La vulgaridad como norma

Parece como si en los momentos de bienestar material de una sociedad, cuando el estómago está suficientemente atendido y los caprichos casi todos cumplidos, aflorasen de golpe sus peores formas en el modo de manifestarse. En la nuestra, desde luego, vivimos ese momento. Estamos asistiendo al triunfo absoluto de la mugre y la cutrez. Peor aún, a su normalización; peor aún: a su instalación como categoría propia. Es un espectáculo continuo, que hace pensar que, si esto es lo que nos ha traído la generalización de las comunicaciones, quizá habría que lamentarlo por lo que afecta a la salud intelectual de la ciudadanía. Ahí tenemos, en cualquier revista, en cualquier pantalla y a cualquier hora, a todas las figuras que marcan la pauta social en el país en cuanto a popularidad y fama. Personajes que subastan su dignidad al mejor postor, gentes que venden su intimidad por un cuarto de hora de gloria, figuras cuya gran fama consiste únicamente en haber practicado con asiduidad el engaño, la infidelidad y la mentira, y en saber venderlo a los bobos. Un gran hermano y unos cuantos millones de primos, atrapados por las emocionantes aventuras de seis individuos encerrados entre cuatro paredes; un torrente de mal gusto, verdadero monumento al feísmo y la horterada. Profesionales del descaro, la desvergüenza y las andanzas por los platós, embolsándose sus buenos euros, que en definitiva es lo único que se busca. Se silencia al que habla a la inteligencia, por favor, no moleste, que eso no motiva a la masa y por tanto no da dinero. Aquí sólo importa fomentar el culto a lo más instintivo del ser humano. Evidentemente, entre un pensador que trate de darnos una respuesta a alguna de las incógnitas de la vida y alguien que tiene por ocupación el andar saltando de cama en cama, no hay color.
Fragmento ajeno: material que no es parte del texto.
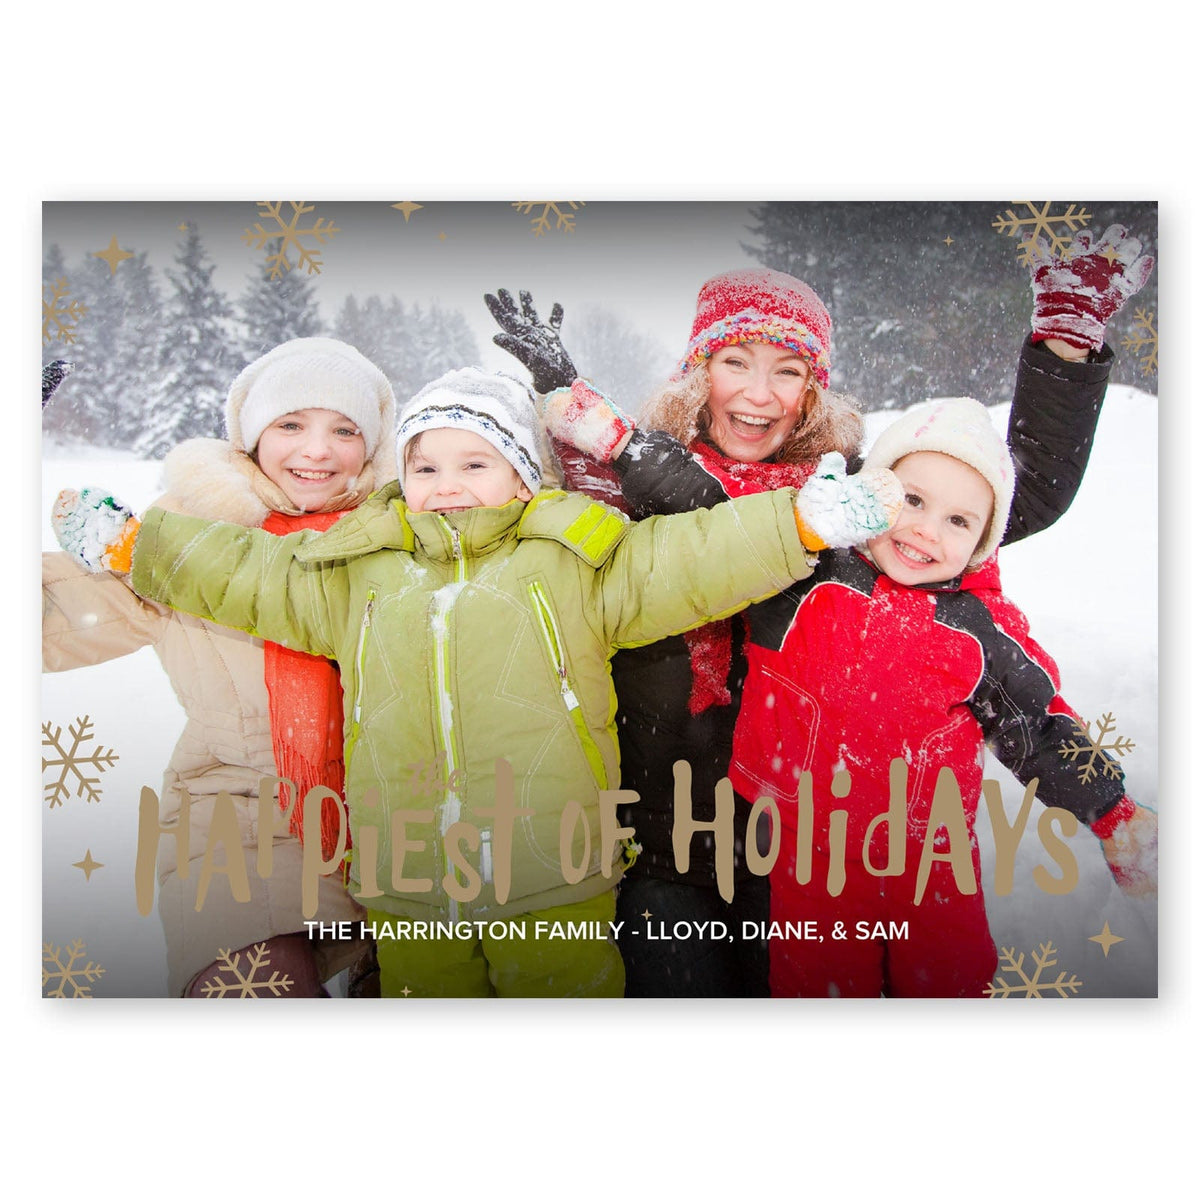 Happiest of Holidays Holiday Card Gold Gartner Studios Christmas Card
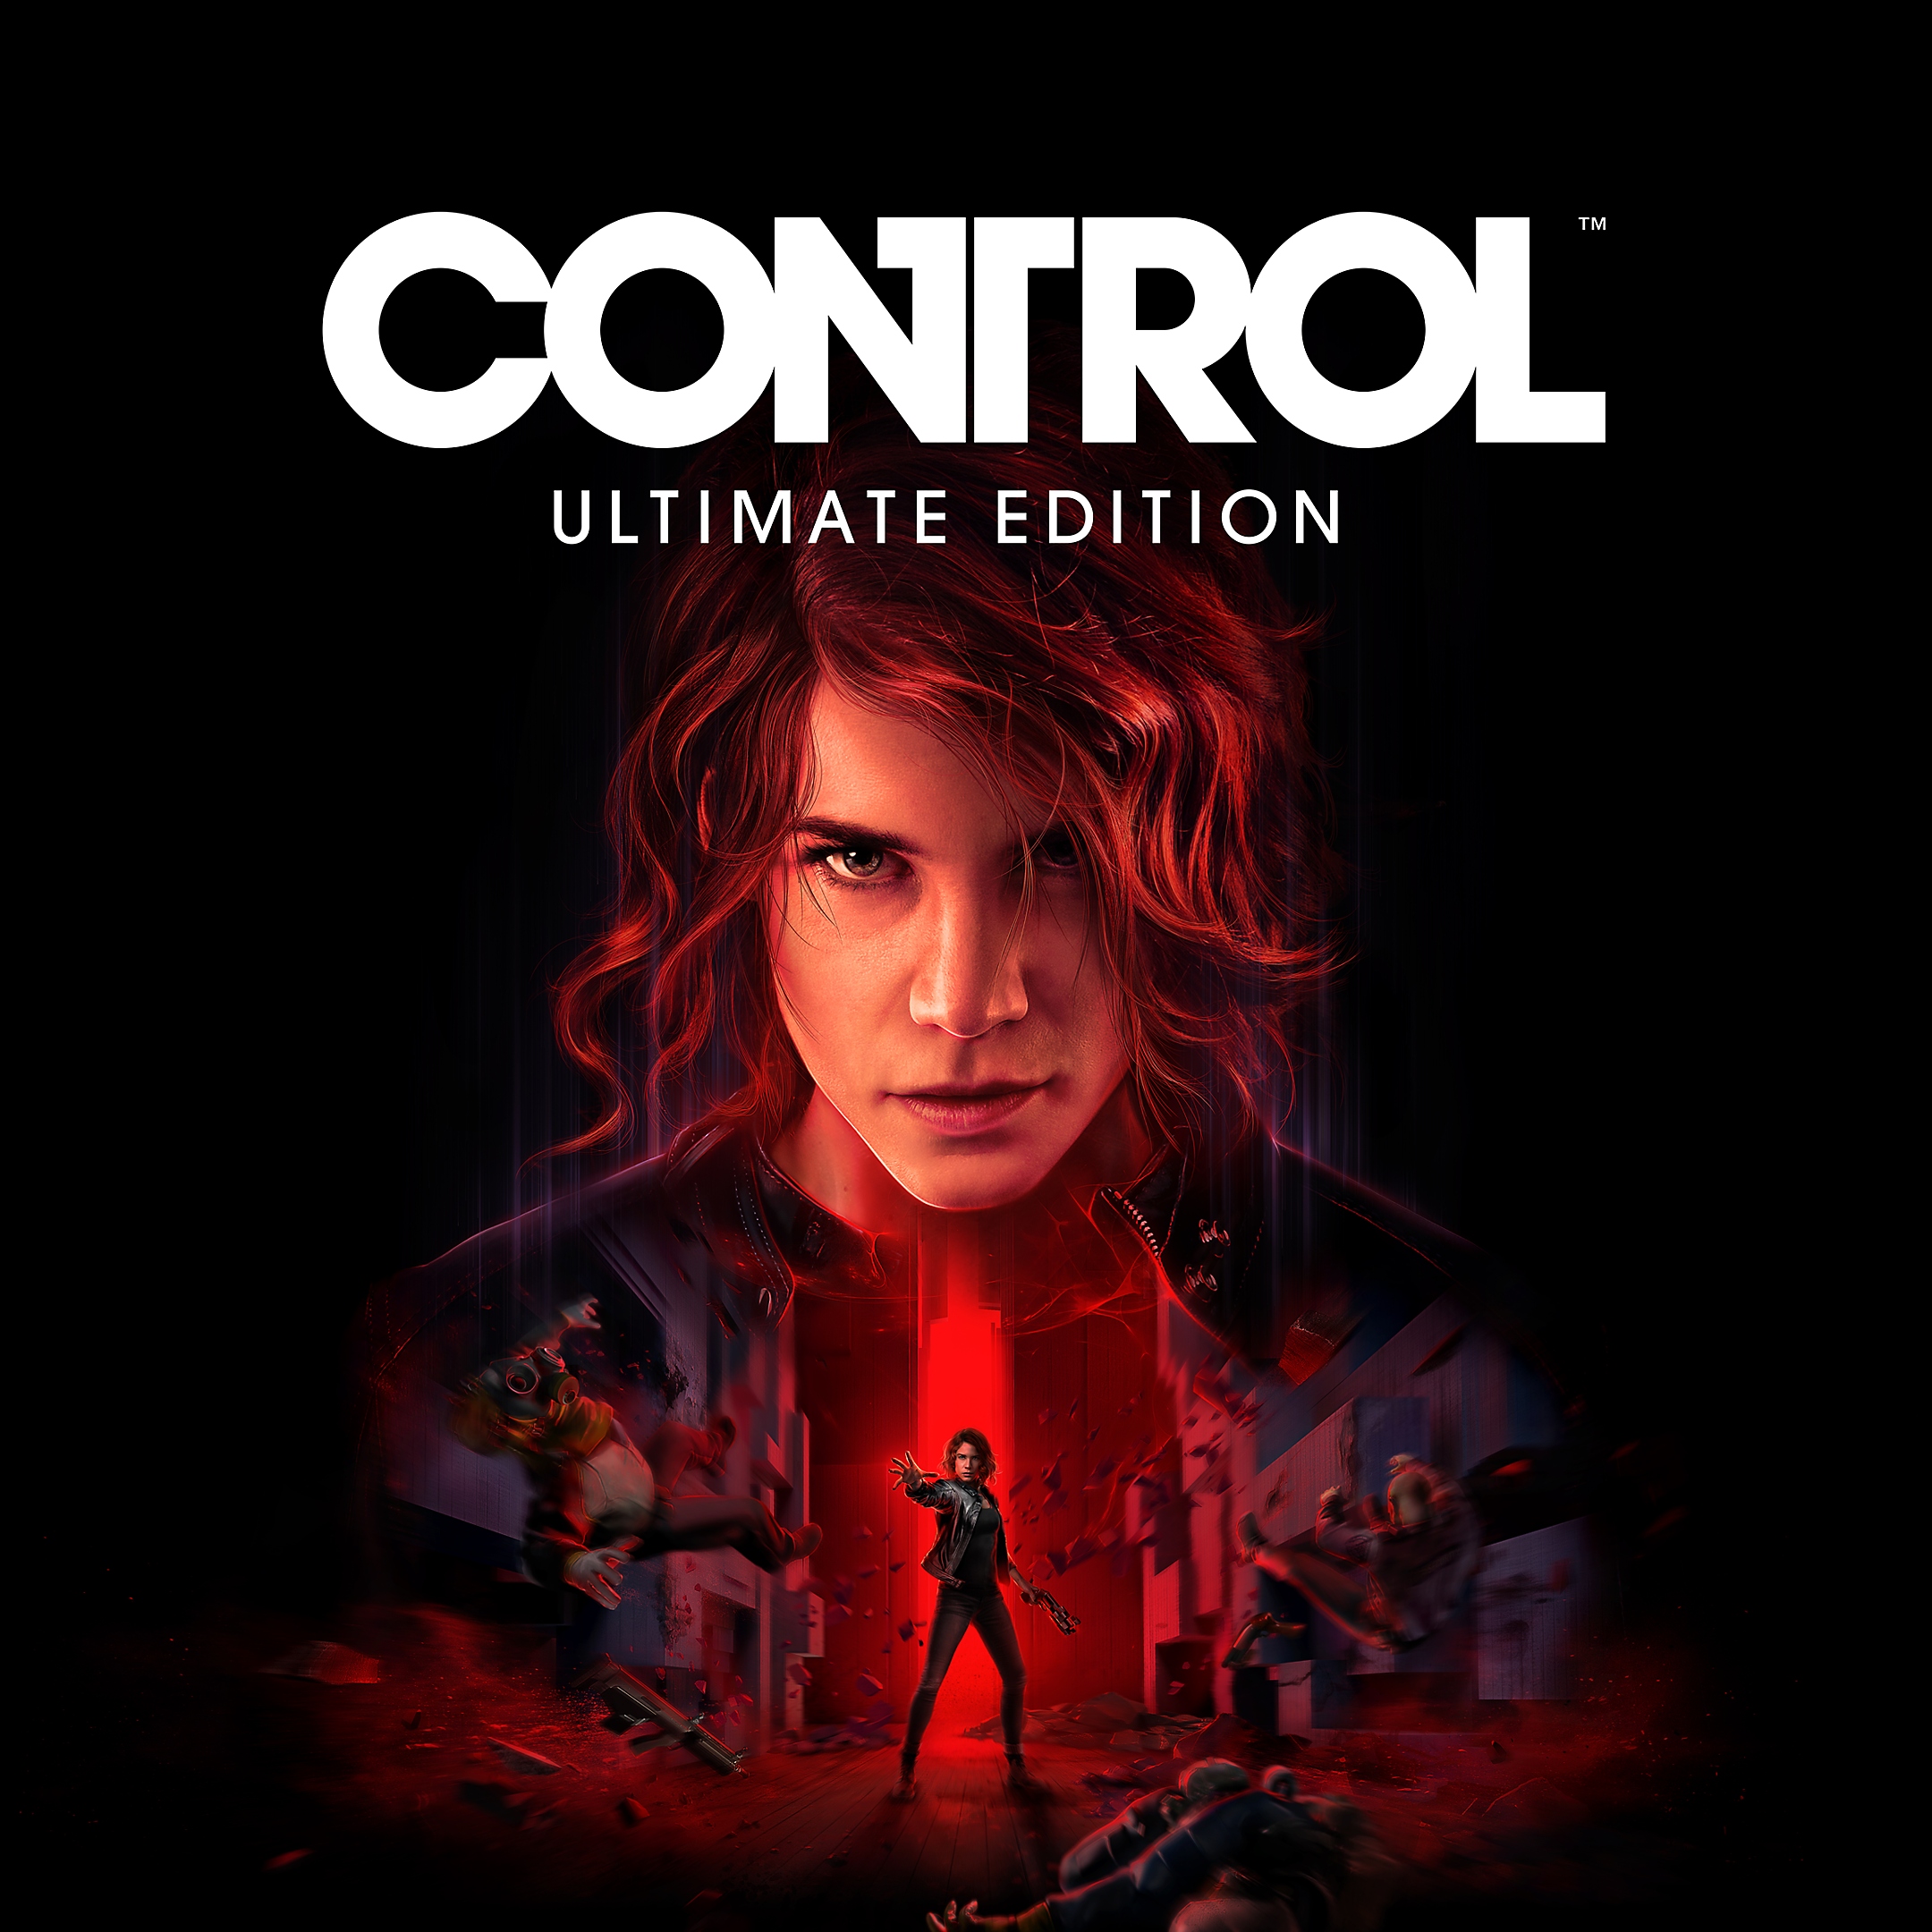 Control: Ultimate Edition - key art

Ni siquiera cabe plantearlo.
No se trata aquí de fijar relación alguna con la moral, aunque solo sea para no dar opción a que alguien venga con el consabido argumento de la relatividad de ese concepto, pero lo que no cabe perdonar es que sea un atentado contra la estética. Fíjense en la series de algunas cadenas, en el tono grosero del habla de sus personajes, en su vocabulario barriobajero y en la absoluta pobreza de la expresión verbal, como si los guionistas provinieran todos de algún suburbio degradado y no conocieran otro lenguaje. Se habla como en la calle, dirán. Puede, pero también puede que en la calle se hable como se fomenta desde allí. La esencia de la vulgaridad, dice Ruskin, radica en la falta de sensibilidad. La ordinariez es una forma de agresión, y a lo mejor se trata de eso, de ser agresivos, porque la trasgresión vende más que la corrección. Pues cada paso atrás que demos en lo relacionado con el buen gusto es una pequeña abdicación de nuestra condición de seres creativos, un retroceso en ese largo camino hacia algún ideal de belleza que la humanidad ha perseguido desde siempre. O acaso sea que, como confesaba Petrarca, es tan grande nuestro miedo a encontrarnos solos que buscamos refugio en la vulgaridad. En todo caso, ahí están los libros. Los buenos, claro.